Your objective — Taking the line that contains "uxcell Set of" as the start and the last line of the data as the end, repeat exactly every line in that span, but no pictures.

Given information —
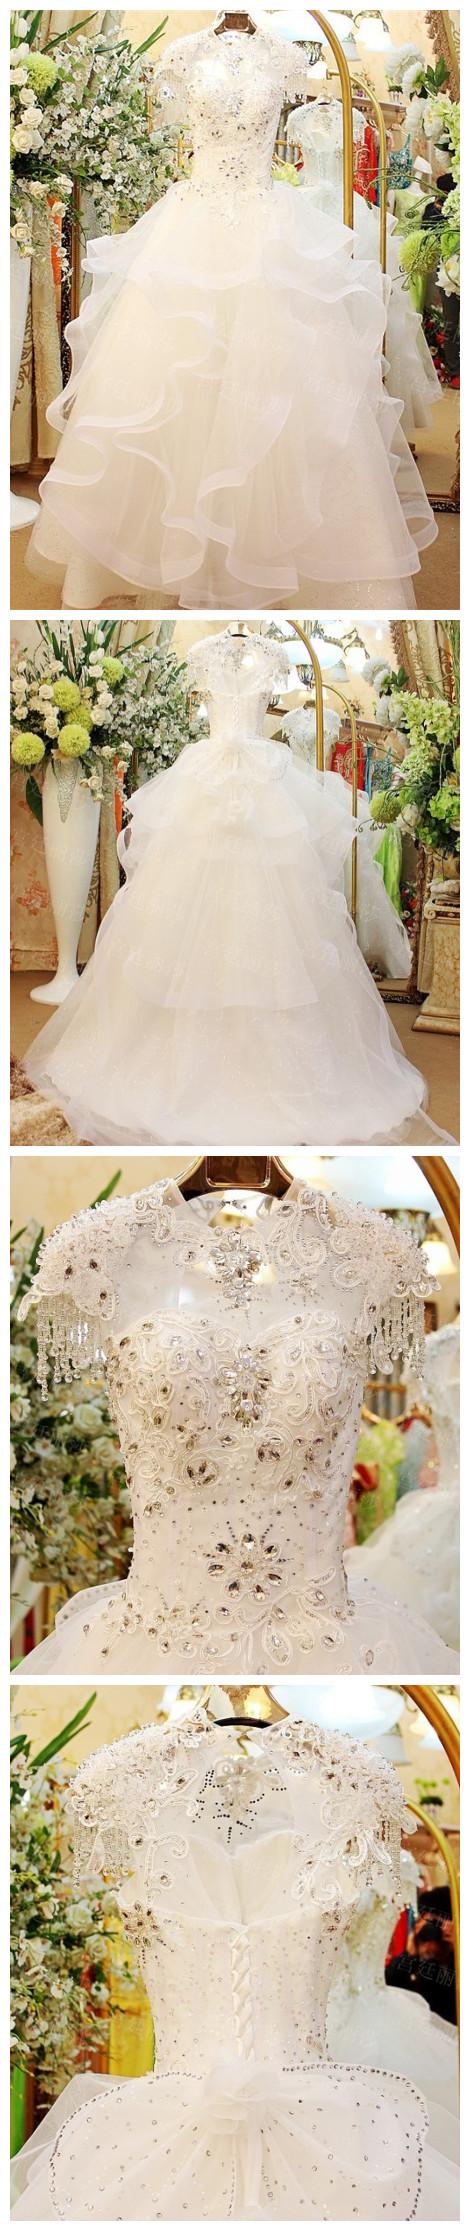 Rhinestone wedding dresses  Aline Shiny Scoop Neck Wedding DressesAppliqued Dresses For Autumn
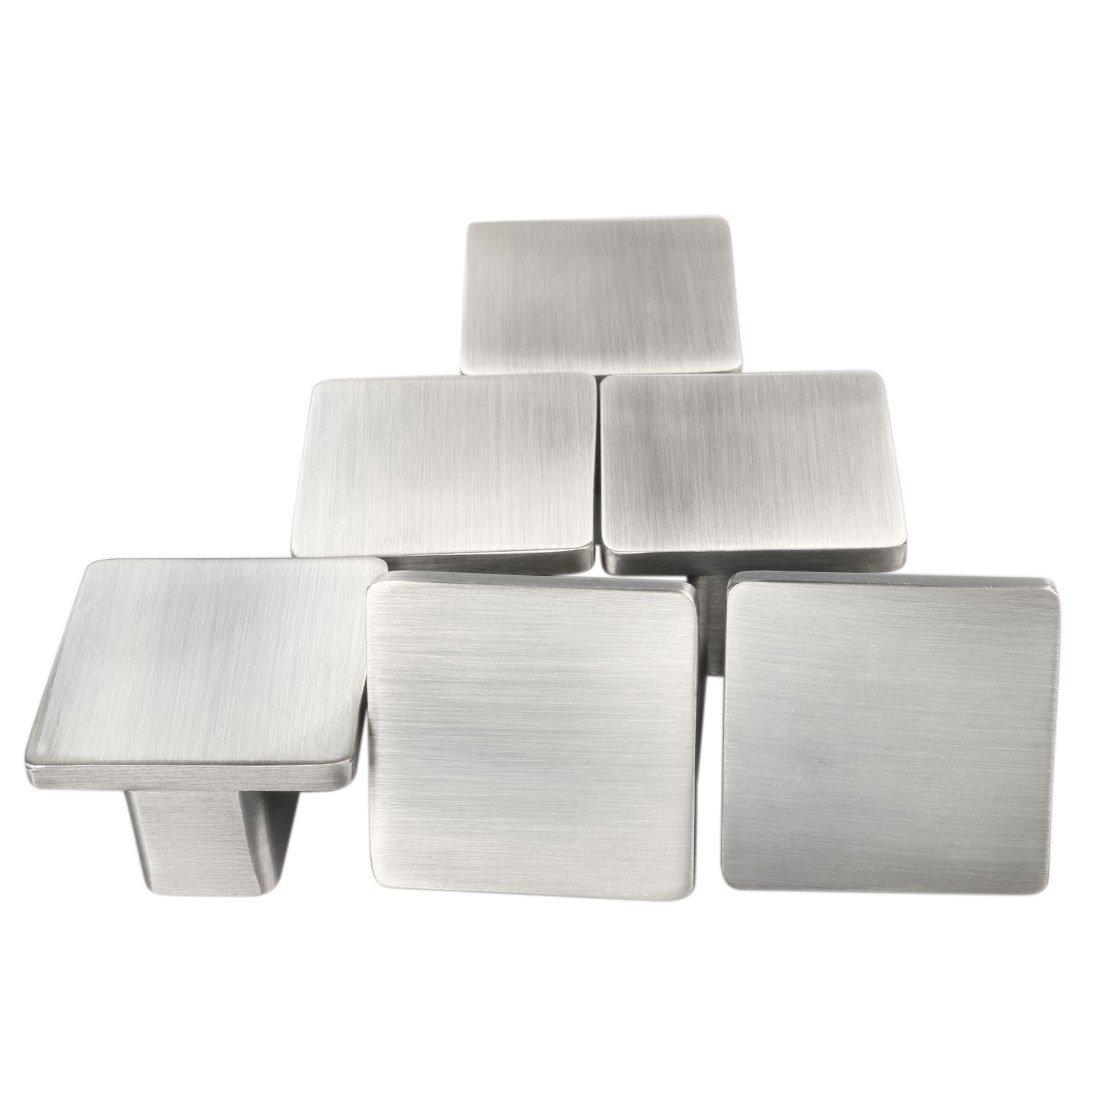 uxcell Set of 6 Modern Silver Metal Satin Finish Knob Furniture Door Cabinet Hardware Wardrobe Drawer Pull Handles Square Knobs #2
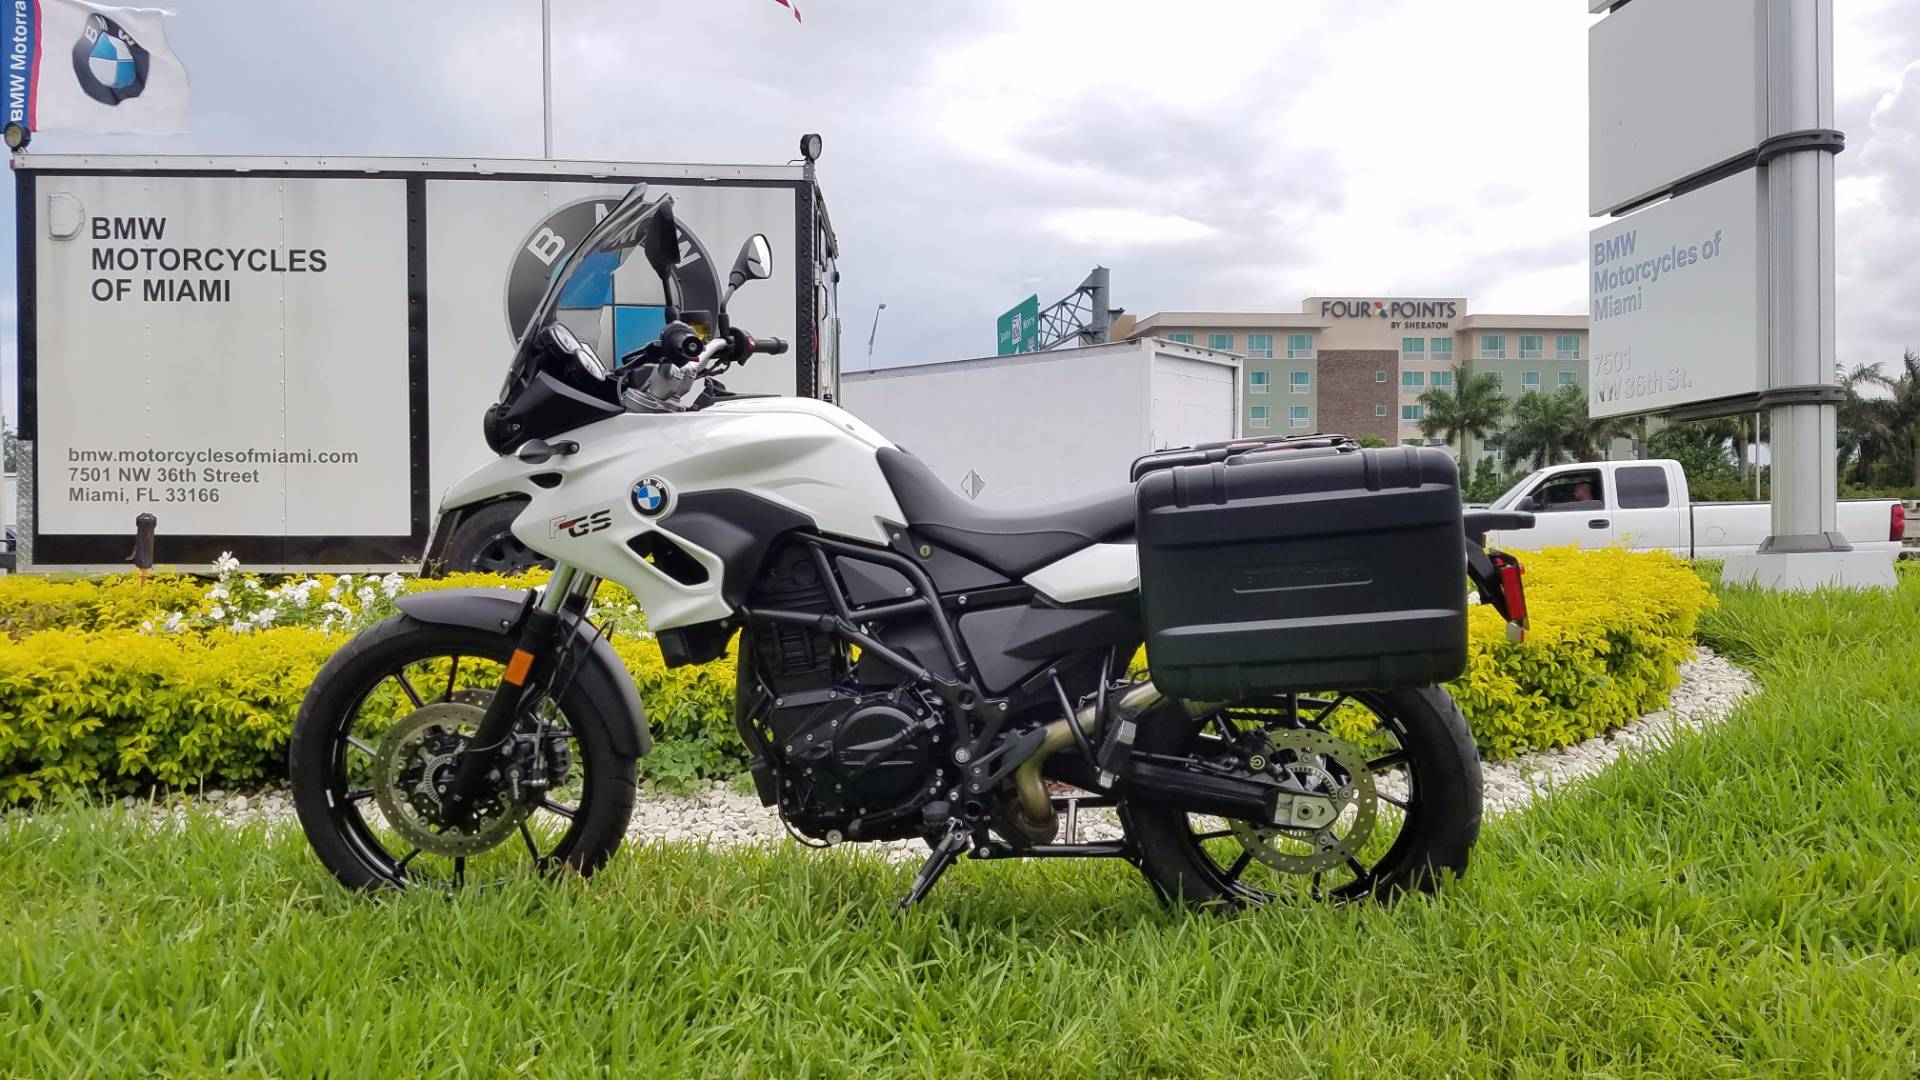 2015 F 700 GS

Response —
 uxcell Set of 6 Modern Silver Metal Satin Finish Knob Furniture Door Cabinet Hardware Wardrobe Drawer Pull Handles Square Knobs #2
 2015 F 700 GS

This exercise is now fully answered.